Preferred Qualifications:

  • Master’s degree in Healthcare Administration, Business Administration, or a related discipline.
  • Experience working within managed care organizations or health insurance companies.
  • Familiarity with healthcare compliance standards such as HIPAA and CMS regulations.
  • Certification in healthcare management or provider network contracting (e.g., CPHQ, CPMSM).
  • Demonstrated success in managing large or complex provider networks.

Responsibilities:

  • Demonstrates commitment to Our Mission and models ILS Experience Standards of Excellence.
  • Support the implementation, management, and continuous improvement of provider engagement, provider performance, and provider satisfaction initiatives to strengthen provider partnerships and support organizational goals.
  • Serve as the primary liaison between the organization and contracted providers regarding operational processes, performance expectations, service delivery requirements, and issue resolution.
  • Coordinate provider onboarding, orientation, training, and ongoing education activities to ensure understanding of organizational requirements, workflows, documentation standards, compliance expectations, and performance objectives.

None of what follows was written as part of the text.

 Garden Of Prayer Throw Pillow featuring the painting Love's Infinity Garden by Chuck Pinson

  • Facilitate timely resolution of provider inquiries, complaints, service concerns, and operational issues, including tracking escalations, action plans, and resolution outcomes.
  • Develop, maintain, and distribute provider communications, educational materials, operational resources, and provider-facing tools related to policy updates, program requirements, and organizational initiatives.

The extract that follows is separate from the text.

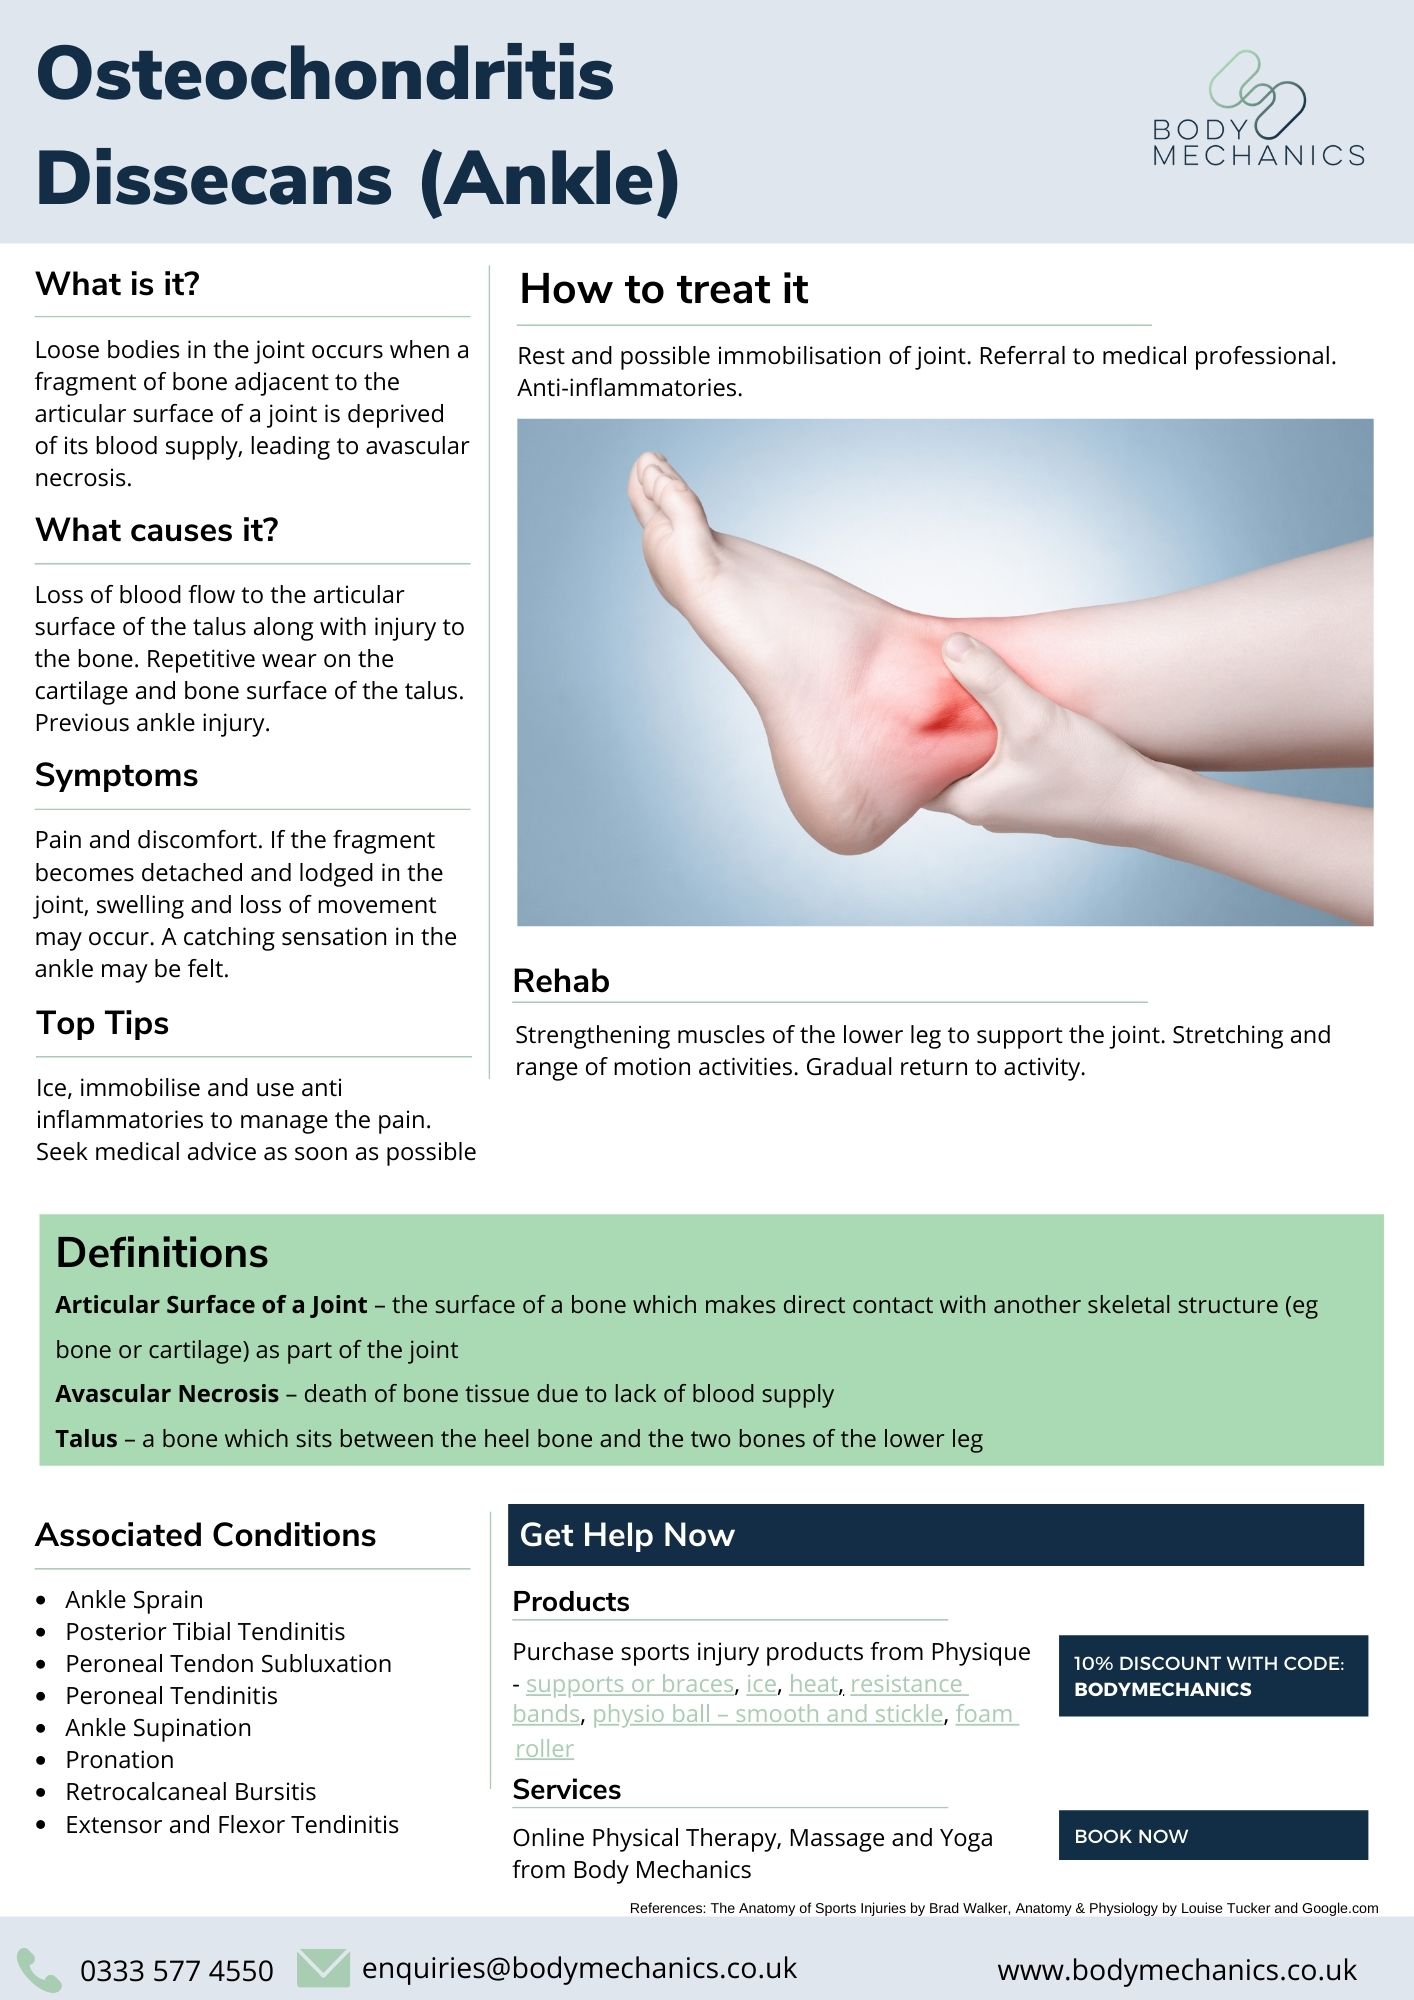 Osteochondritis Dissecans (Ankle) Infosheet

  • Collaborate with internal departments, including Operations, Quality, Compliance, Credentialing, Care Management, Claims, and Provider Network teams, to support effective provider operations and service delivery.
  • Monitor, analyze, and maintain provider-related operational data, performance metrics, engagement activities, and trend reports to support decision-making and performance improvement efforts.
  • Assist in the preparation and support of provider audits, delegated oversight activities, compliance reviews, corrective action plans, and operational improvement initiatives in accordance with applicable regulatory and contractual requirements.
  • Participate in the development, implementation, and revision of provider-related workflows, policies, procedures, operational documentation, and process improvement initiatives to enhance efficiency and effectiveness.
  • Promote a culture of collaboration, accountability, continuous improvement, and member-centered service by fostering positive provider relationships and supporting organizational and provider network objectives.
  • Performs other duties as required or assigned.